We observe a large variety of robots in terms of their bodies, sensors, and actuators. Given the commonalities in the skill sets, teaching each skill to each different robot independently is inefficient and not scalable when the large variety in the robotic landscape is considered. If we can learn the correspondences between the sensorimotor spaces of different robots, we can expect a skill that is learned in one robot can be more directly and easily transferred to other robots. In this paper, we propose a method to learn correspondences among two or more robots that may have different morphologies. To be specific, besides robots with similar morphologies with different degrees of freedom, we show that a fixed-based manipulator robot with joint control and a differential drive mobile robot can be addressed within the proposed framework. To set up the correspondence among the robots considered, an initial base task is demonstrated to the robots to achieve the same goal. Then, a common latent representation is learned along with the individual robot policies for achieving the goal. After the initial learning stage, the observation of a new task execution by one robot becomes sufficient to generate a latent space representation pertaining to the other robots to achieve the same task. We verified our system in a set of experiments where the correspondence between robots is learned (1) when the robots need to follow the same paths to achieve the same task, (2) when the robots need to follow different trajectories to achieve the same task, and (3) when complexities of the required sensorimotor trajectories are different for the robots. We also provide a proof-of-the-concept realization of correspondence learning between a real manipulator robot and a simulated mobile robot.

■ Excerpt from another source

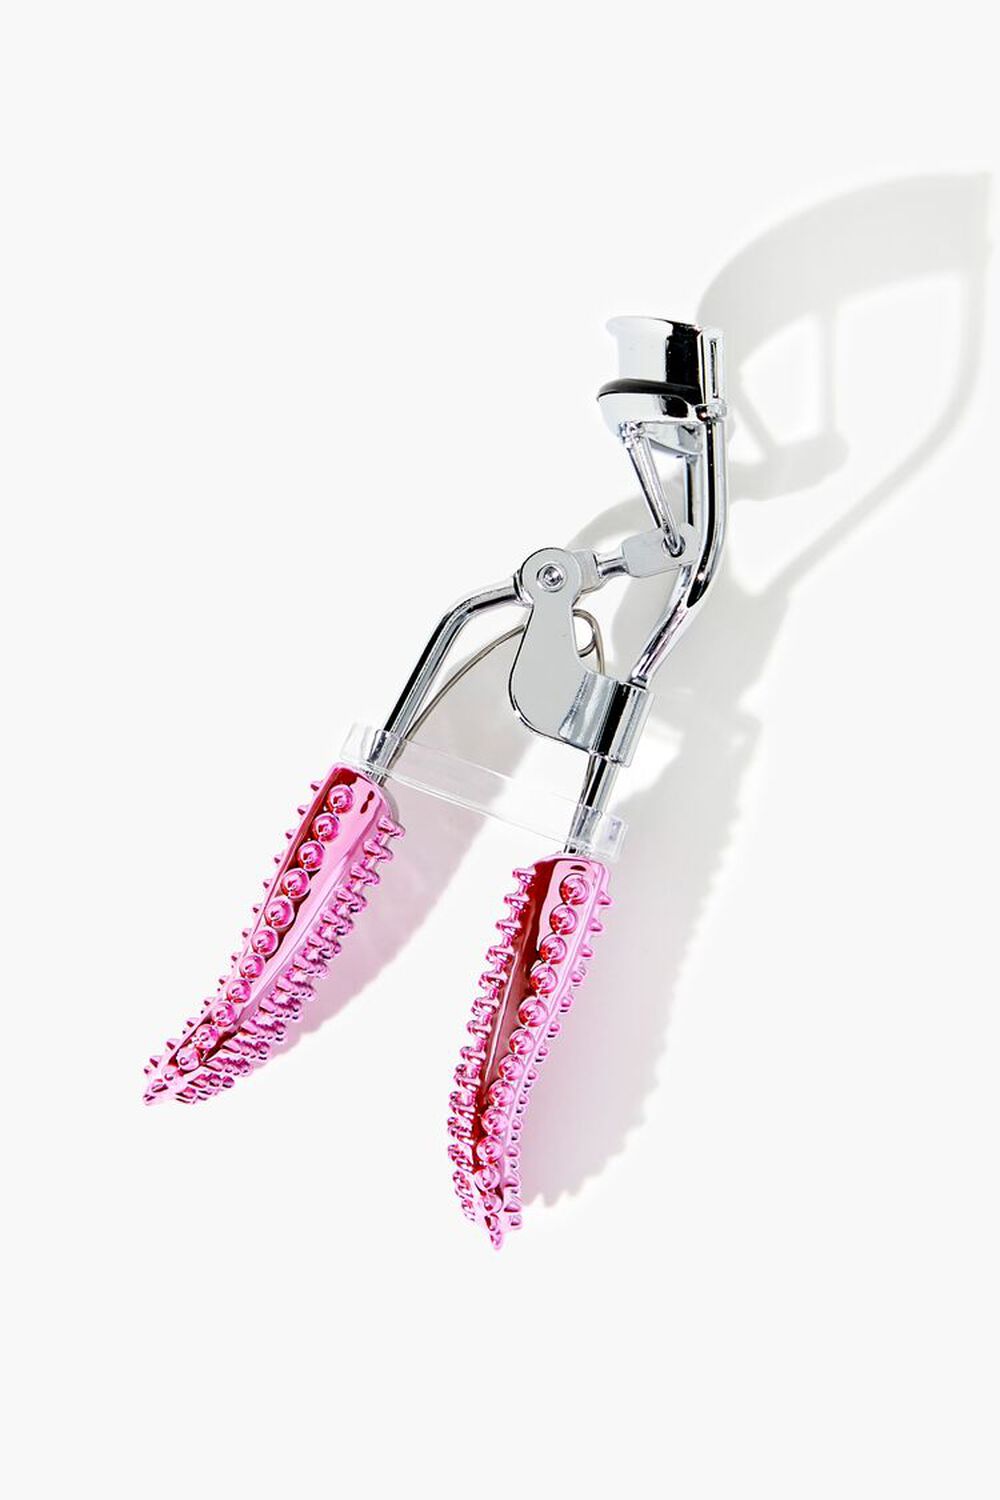 PINK/SILVER Studded Eyelash Curler, image 1

翻译：我们观察到机器人种类繁多，其本体、传感器和执行器各不相同。考虑到技能集的共通性，若针对每种不同机器人独立教授每项技能，在机器人种类繁多的背景下效率低下且难以扩展。若能学习不同机器人感觉运动空间之间的对应关系，则可预期在一台机器人上学会的技能能够更直接、更容易地迁移至其他机器人。本文提出一种学习两个或多个可能具有不同形态的机器人之间对应关系的方法。具体而言，除了具有相似形态但自由度数不同的机器人外，我们展示了一种基于关节控制的固定基座机械臂机器人和差分驱动移动机器人可在所提框架内被统一处理。为建立所考虑机器人之间的对应关系，首先通过示教让各机器人完成初始基础任务以实现相同目标。随后学习共同隐空间表征及个体机器人策略以达到该目标。初始学习阶段后，仅需观察一台机器人执行新任务，即可生成其他机器人实现相同任务所需的隐空间表征。我们通过一系列实验验证了该系统：包括(1)机器人需沿相同路径完成相同任务；(2)机器人需沿不同轨迹完成相同任务；(3)各机器人所需感觉运动轨迹复杂度不同等情形。此外，我们提供了真实机械臂机器人与仿真移动机器人之间对应学习的概念验证实现。